Begin at the line below that has "Young white-tailed eagle". Stop after the line that has "Napoleon I, 15.8.1769", repeating each line exactly and leaving out the pictures.

**MATERIAL SHOWN**.

↓↓↓

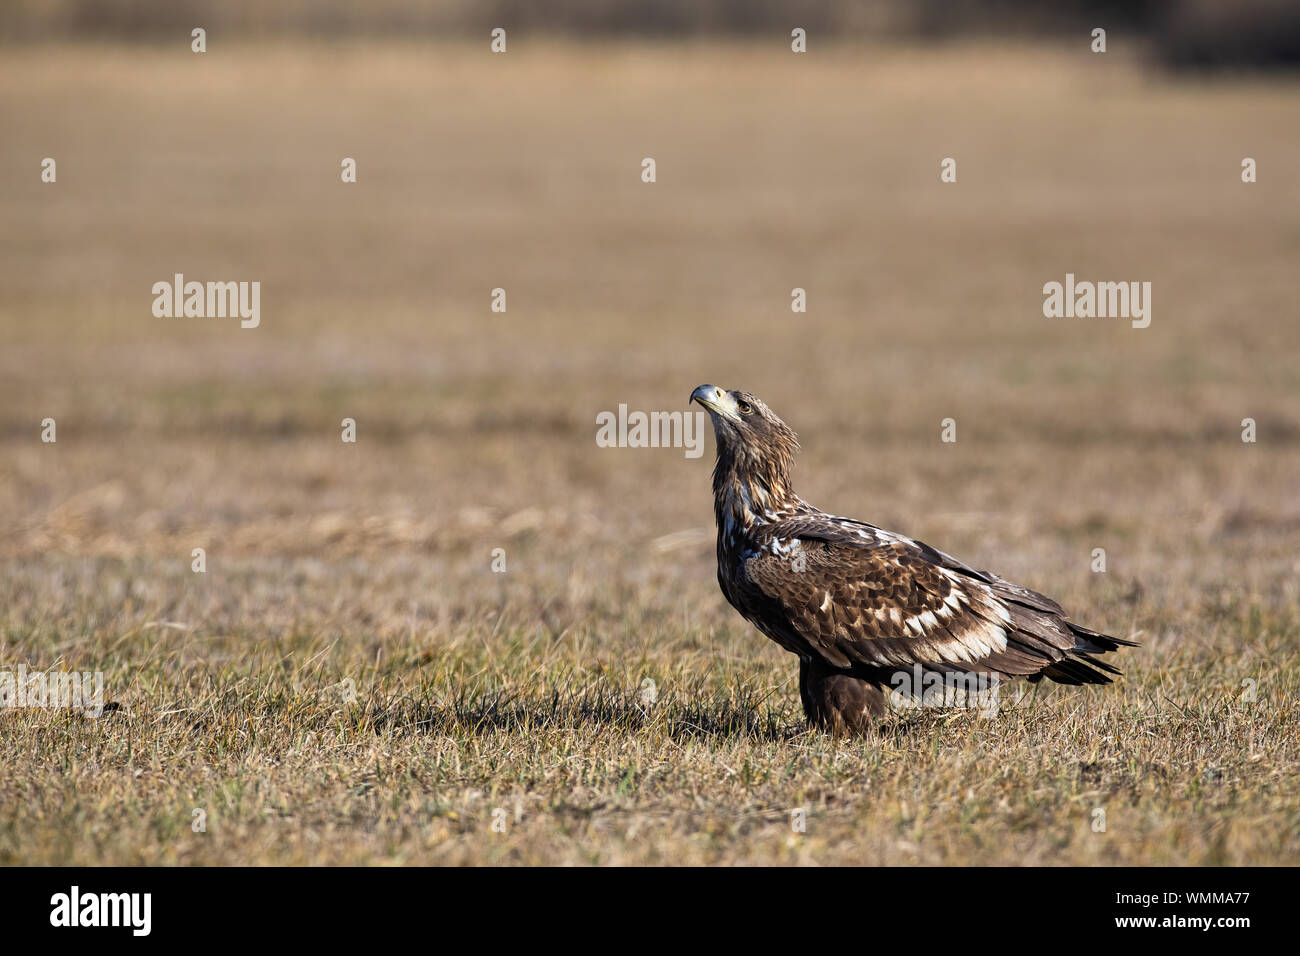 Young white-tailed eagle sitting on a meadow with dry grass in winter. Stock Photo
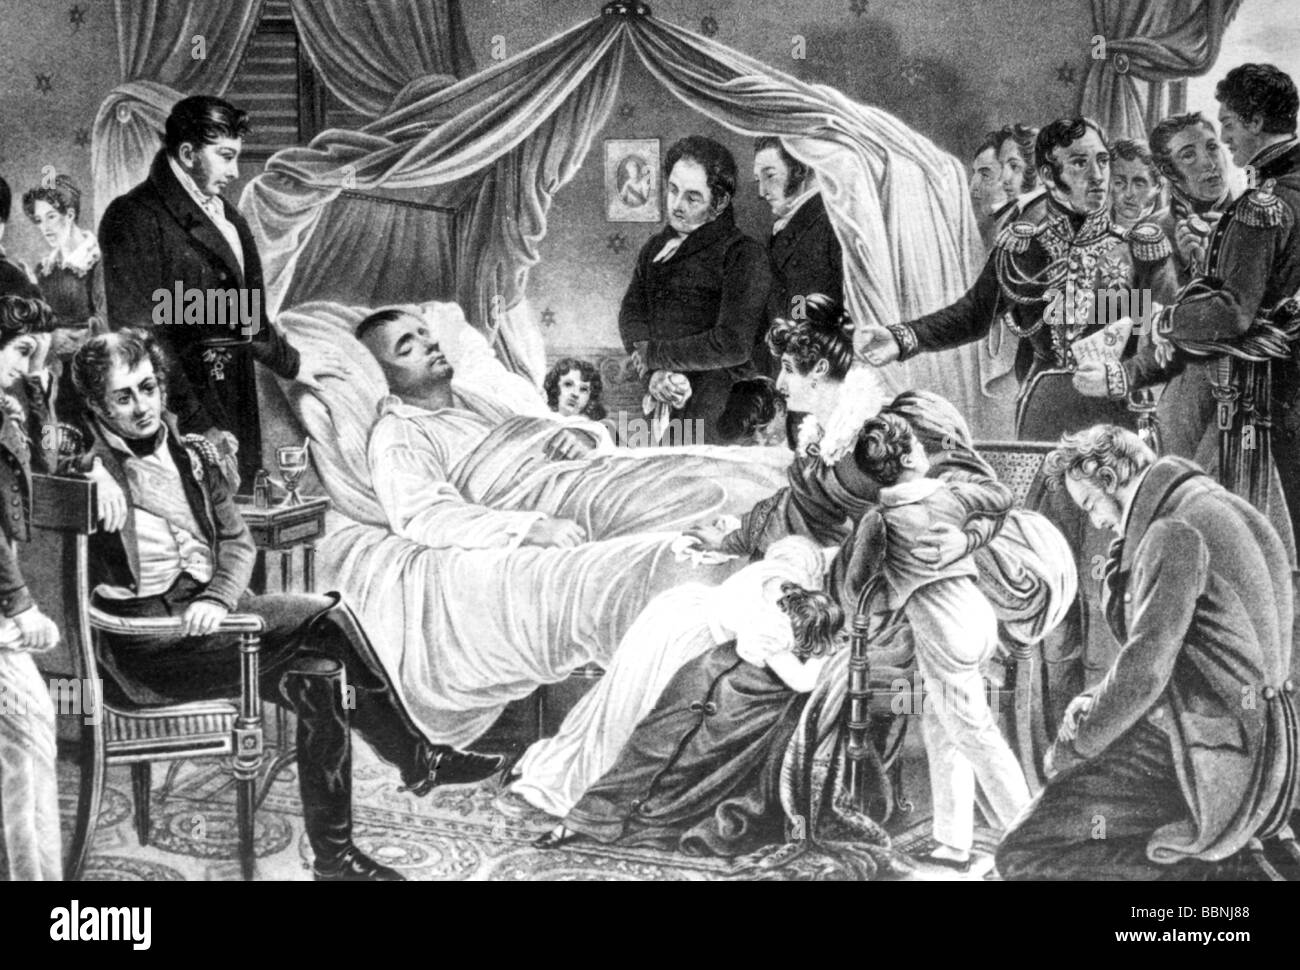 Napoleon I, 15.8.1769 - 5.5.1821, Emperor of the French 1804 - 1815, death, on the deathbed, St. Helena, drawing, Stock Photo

↑↑↑
↓↓↓

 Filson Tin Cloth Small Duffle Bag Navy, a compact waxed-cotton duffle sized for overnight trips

↑↑↑

**RESULT OF THIS EXERCISE**.
 Young white-tailed eagle sitting on a meadow with dry grass in winter. Stock Photo
 Napoleon I, 15.8.1769 - 5.5.1821, Emperor of the French 1804 - 1815, death, on the deathbed, St. Helena, drawing, Stock Photo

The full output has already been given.